Planning and environmental reforms are reshaping not just approval pathways, but where decision‑making power sits, how legitimacy is earned and how competing policy priorities collide in the delivery of Australia’s next wave of priority projects. The central challenge is no longer speed alone, but whether accelerated delivery can be sustained without undermining confidence, coordination and long‑term outcomes.

Australia’s economic agenda is being pulled in multiple directions at once. Governments are under pressure to accelerate the energy transition, deliver housing at scale, reform federal environmental laws and attract investment in new industries such as AI and data-driven infrastructure. 

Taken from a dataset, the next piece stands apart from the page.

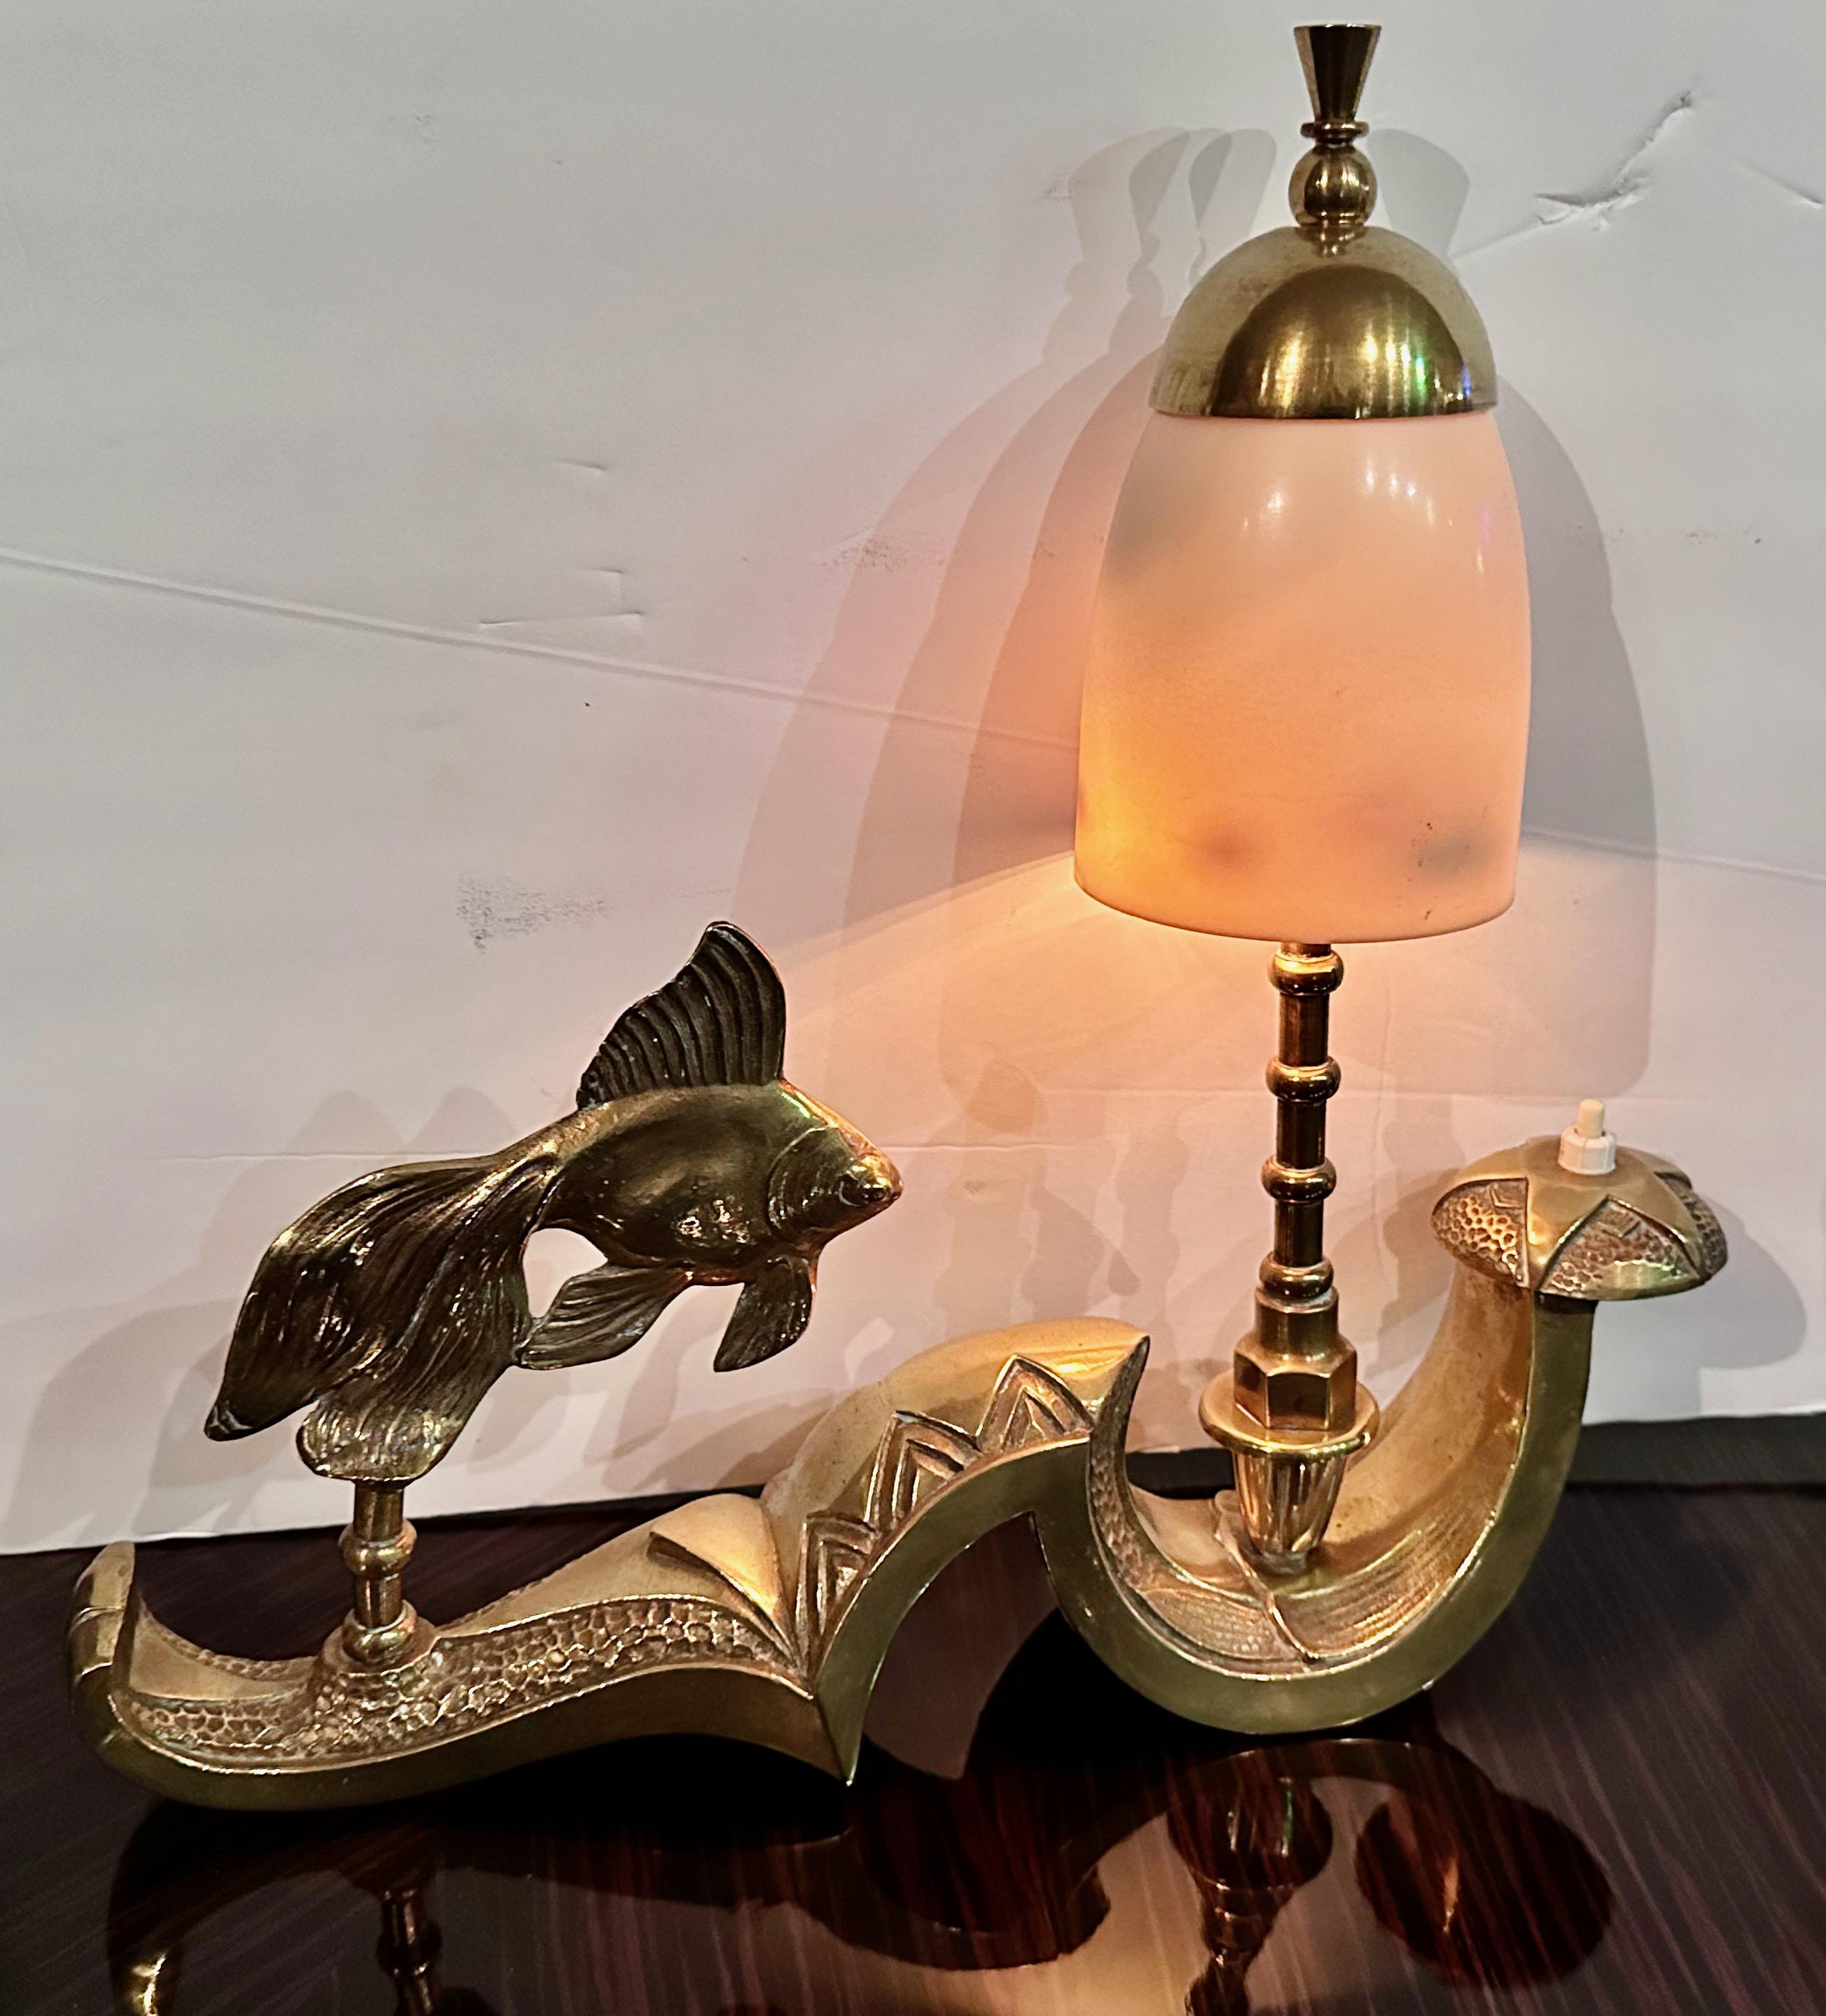 La lampe de table Art Deco Fish Sculpture de France est une pièce unique fabriquée en laiton, dotée d'une lumière d'appoint intégrée et d'une base ornée. Sa texture complexe et l'attention méticuleuse portée aux détails suggèrent un investissement

Each objective is treated as a priority, yet the regulatory systems tasked with delivering them must absorb all these demands simultaneously. The result is an intense period of planning and environmental reform, directed at facilitating ‘priority projects’, while still aiming to protect public values and participation rights. 

What these reforms increasingly reveal is not a simple shift towards deregulation or protection, but a structural recalibration of decision‑making. Across jurisdictions, authority is being centralised, assessment pathways selectively streamlined and participation rights reshaped to reduce friction and speed delivery. 

At the same time, environmental standards are tightening and expectations around social licence, infrastructure readiness and cumulative impacts are rising – exposing new tensions at the intersection of policy ambition, delivery and legitimacy.

Centralising decision‑making for priority projects

A common thread across recent planning and environmental reforms is the continued centralisation of decision‑making for priority projects, with States increasingly assuming responsibility for approvals previously determined at a local level. 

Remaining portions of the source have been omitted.